Хелене нужно было успокоиться, она взяла стакан, но он был пуст, и она закурила, чтобы занять руки.
– Можешь подумать, я не стану тебя торопить, и спрашивай о чем угодно. Дай мне, пожалуйста, сигарету.
– Думать мне не о чем, все решено, – сказала Хелена, протягивая ему пачку. – Мы уедем, когда ты захочешь и куда захочешь. Ты не представляешь, как я счастлива! Но у меня есть одна просьба.
– Валяй.
– Для меня это важно – важнее всего на свете. Пообещай никогда не лгать. Если вдруг поймешь, что ошибся или разлюбил, скажи сразу.
– Обещаю. Клянусь всегда говорить только правду, и ничего, кроме правды.
Никто не любит меняться, все мы хотим оставаться прежними, но это невозможно, ведь жизнь есть эволюция. Я сегодня не тот, кем был десять лет назад. Революция – привилегия молодости, старики в партизанских войнах не участвуют. Нужно быть сильным, уверенным в себе и уметь не поддаваться эмоциям и настроениям. Если революционеру не везет умереть молодым, он неизбежно кончает диктатором и палачом. Сен-Жюст отправился на тот свет в двадцать семь. Наступает момент, когда способность остановиться и начать делать другое дело есть признак мужества. Сбросить с плеча вещмешок, разрядить ружье, завести семью и воспитывать детей. Я больше не могу быть единственным революционером Земли.
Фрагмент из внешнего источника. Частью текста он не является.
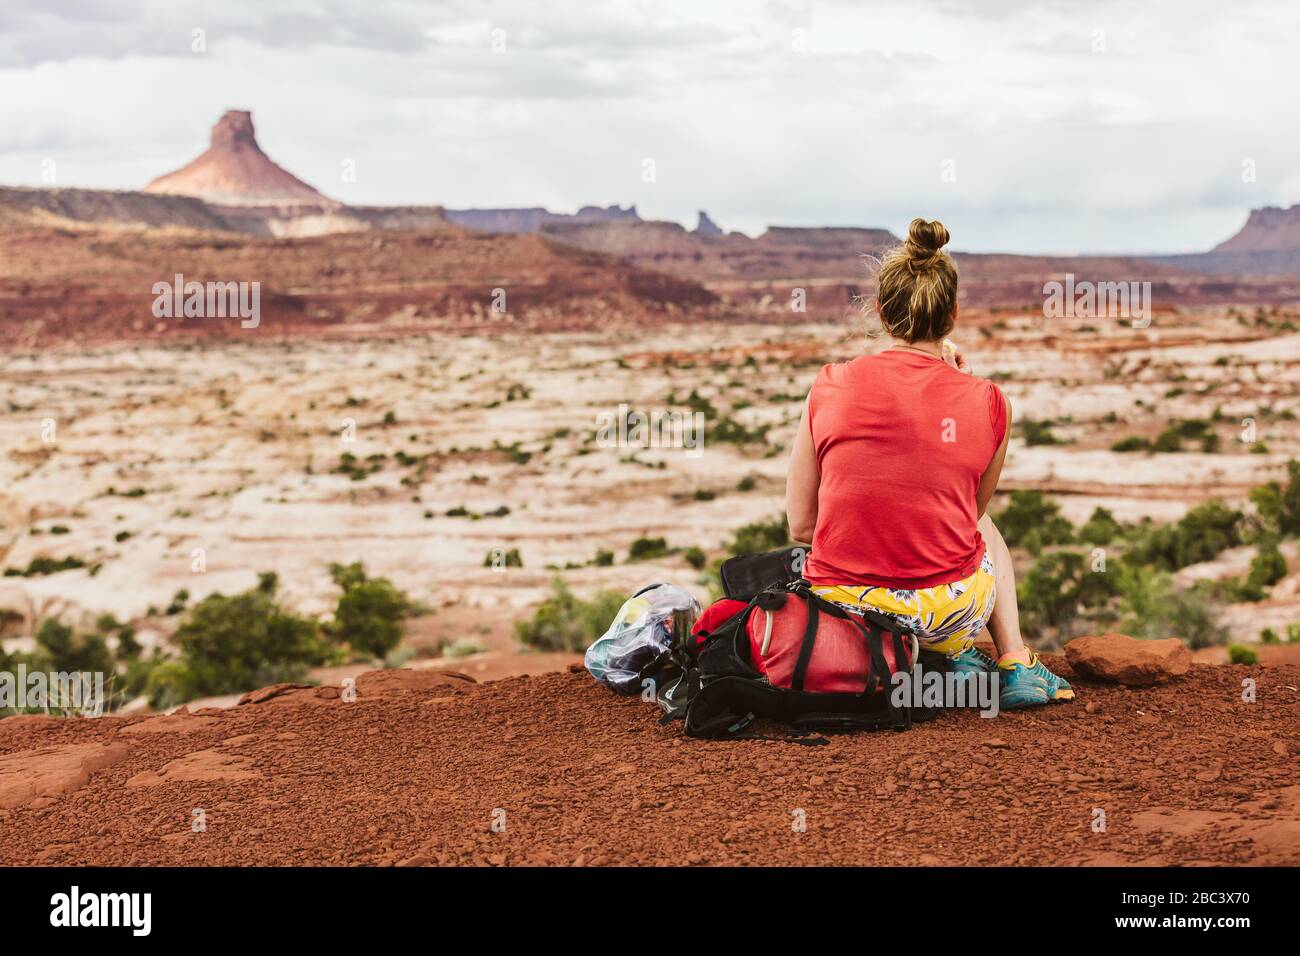 une femme sueur s'assoit sur un sac à dos pendant une randonnée avec vue sur le désert Banque D'Images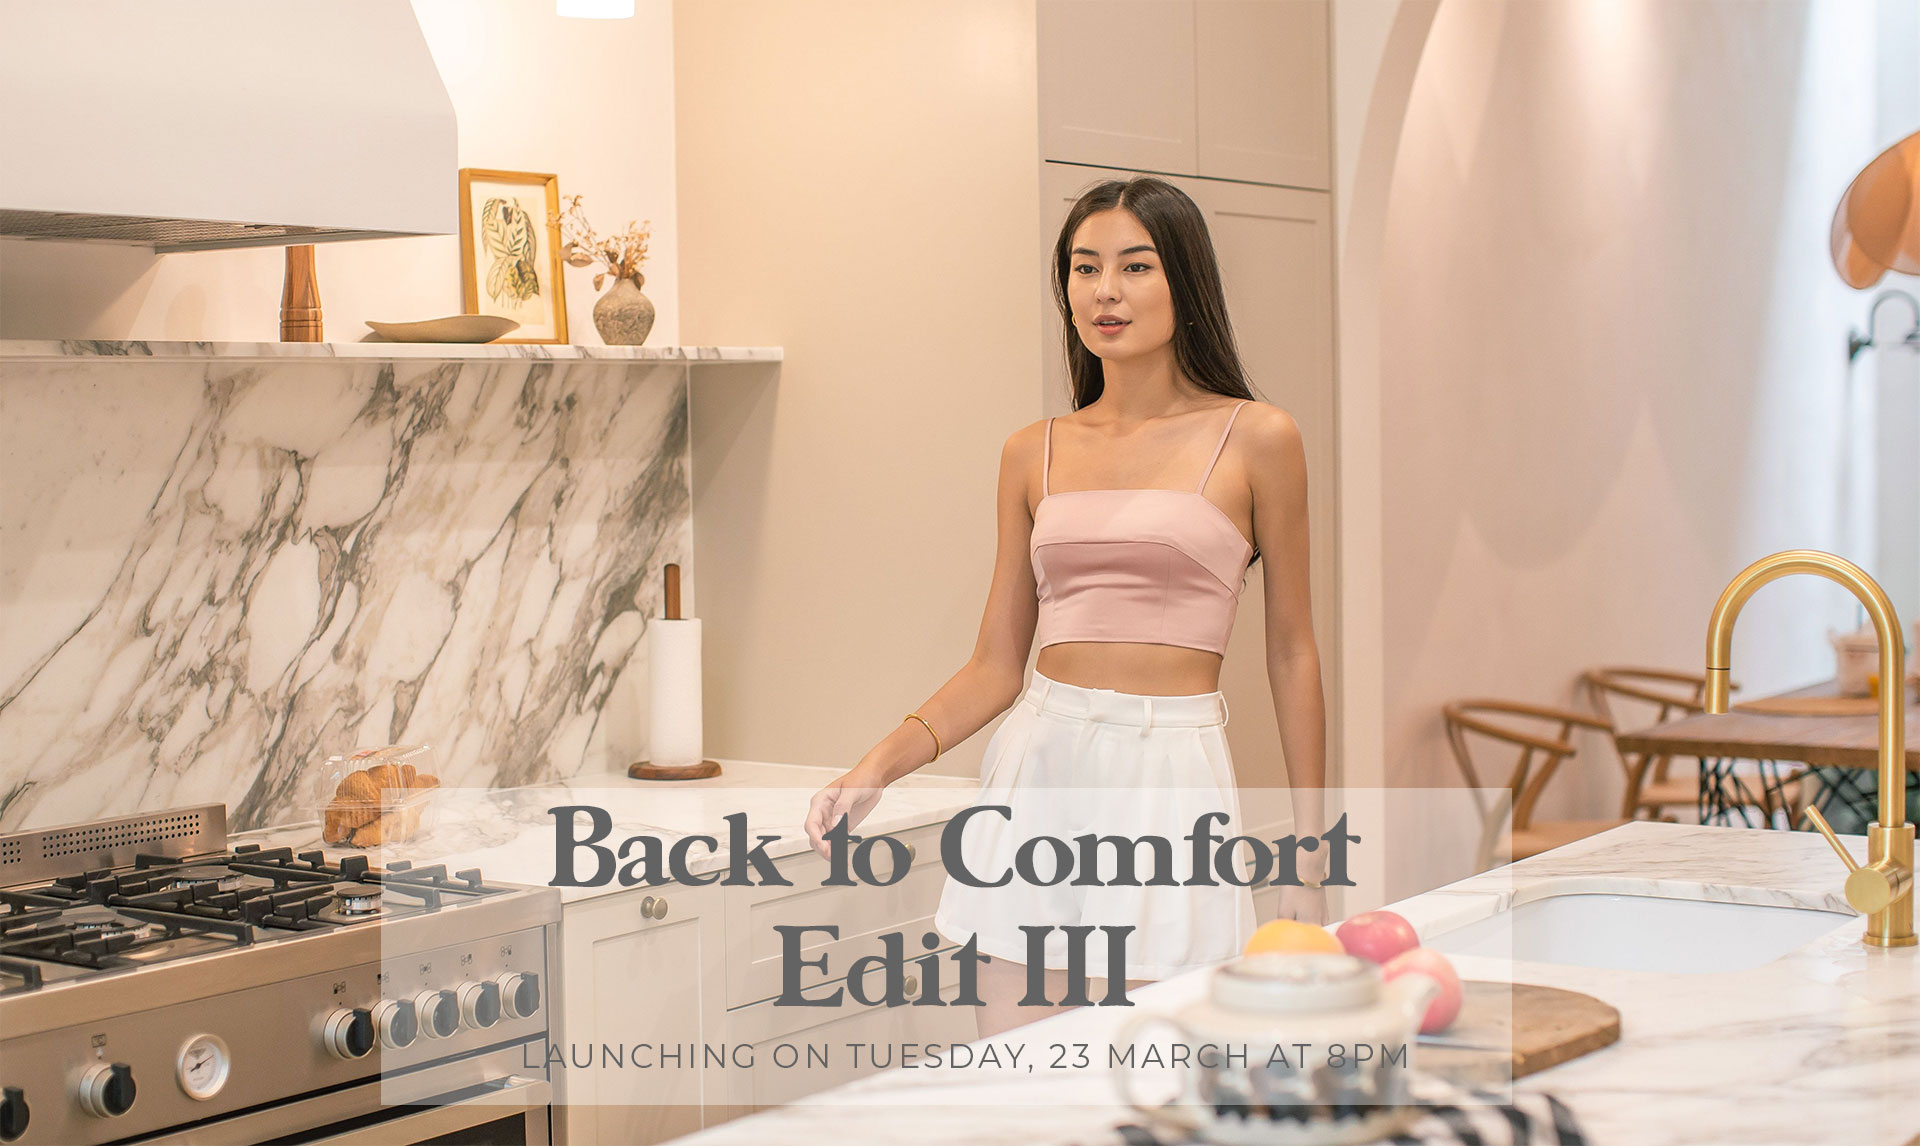 Back to Comfort: Edit III

Решение принято – я снова стану врачом. Надеюсь, что в Кордове. Я уезжаю с Хеленой, она – женщина моей жизни. Я покажу ей Аргентину, познакомлю с отцом и другими родственниками, она выучит испанский и очень скоро станет своей у меня на родине. Но я готов жить вместе с ней в любой стране. Мы родим детей – когда она захочет. Я переворачиваю страницу и вливаюсь в сообщество счастливых безвестных людей. Обо мне больше никто не услышит, а через год все забудут.
Они вернулись на виллу, и жизнь вошла в привычную колею. Хелена сделала две попытки узнать у Рамона, что именно произошло в Москве, и он каждый раз проявлял раздраженную нервозность, доставал из кармана синюю пачку сигарет с написанным русскими буквами названием, закуривал и говорил:
– Зачем спорить, зная, что решения не существует? Я открыто заявил, что они больше не могут на меня рассчитывать, что я хочу заниматься совсем другими вещами.
– И что они ответили?
– Ничего. Мы можем уехать девятнадцатого июля. Ты не передумала?
– Не надейся, что сумеешь так легко от меня избавиться, Эрнесто.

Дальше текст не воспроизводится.